Private railroad and subsidiary of Nutrien

The West Isle Line is a private railroad and is a wholly owned subsidiary of Nutrien (formerly Western Farm Service). The line is operated by a contractor and the line does not have any employees. The line began service on January 7, 1998, after having been acquired from the Burlington Northern & Santa Fe Railway. The line runs for 5.25 miles from Alpaugh, California, to a connection with the BNSF Railway at Stoil (milepost 936 on BNSF's Bakersfield Subdivision). Western Farm Service is the only customer on the line.

Western Farm Service bought the line from the BNSF in order to avoid having the BNSF's "Alpaugh Branch" abandoned. The line was formerly part of the Atchison, Topeka and Santa Fe Railway and was constructed by the ATSF in 1914.
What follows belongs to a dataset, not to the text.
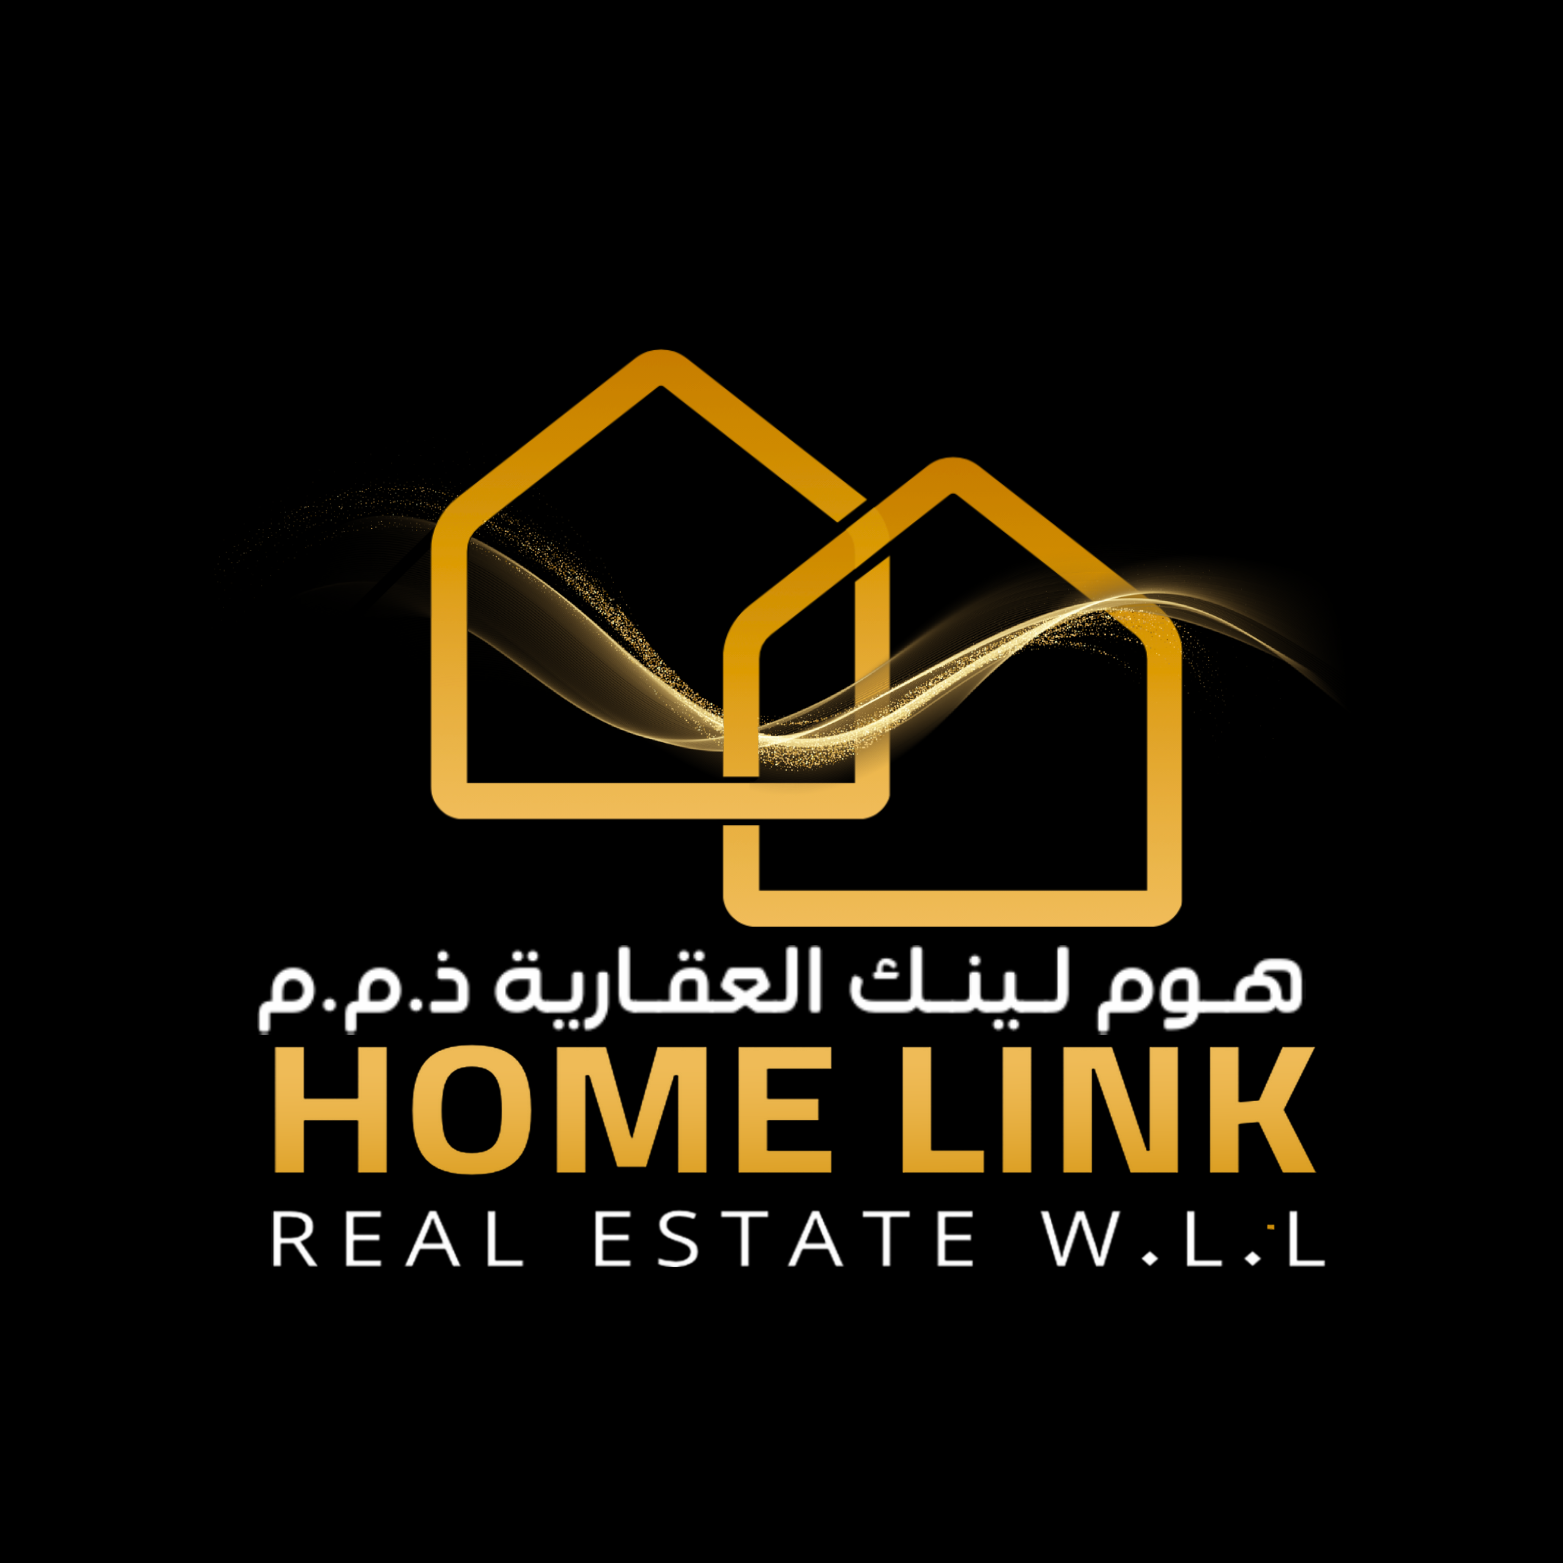 RZ Home Link Real Estate W.L.L

The railroad, as of 2001, averages 400 carloads per year, primarily chemicals used for fertilizer.

==Motive power==
The West Isle Line has one EMD GP9 (serial number 21332) that was manufactured in February 1956 for Southern Pacific Railroad. It is marked in a green paint scheme with yellow marking as "West Isle Line" engine number "3399". It was formerly known as SP 3399, 3472, and 5639.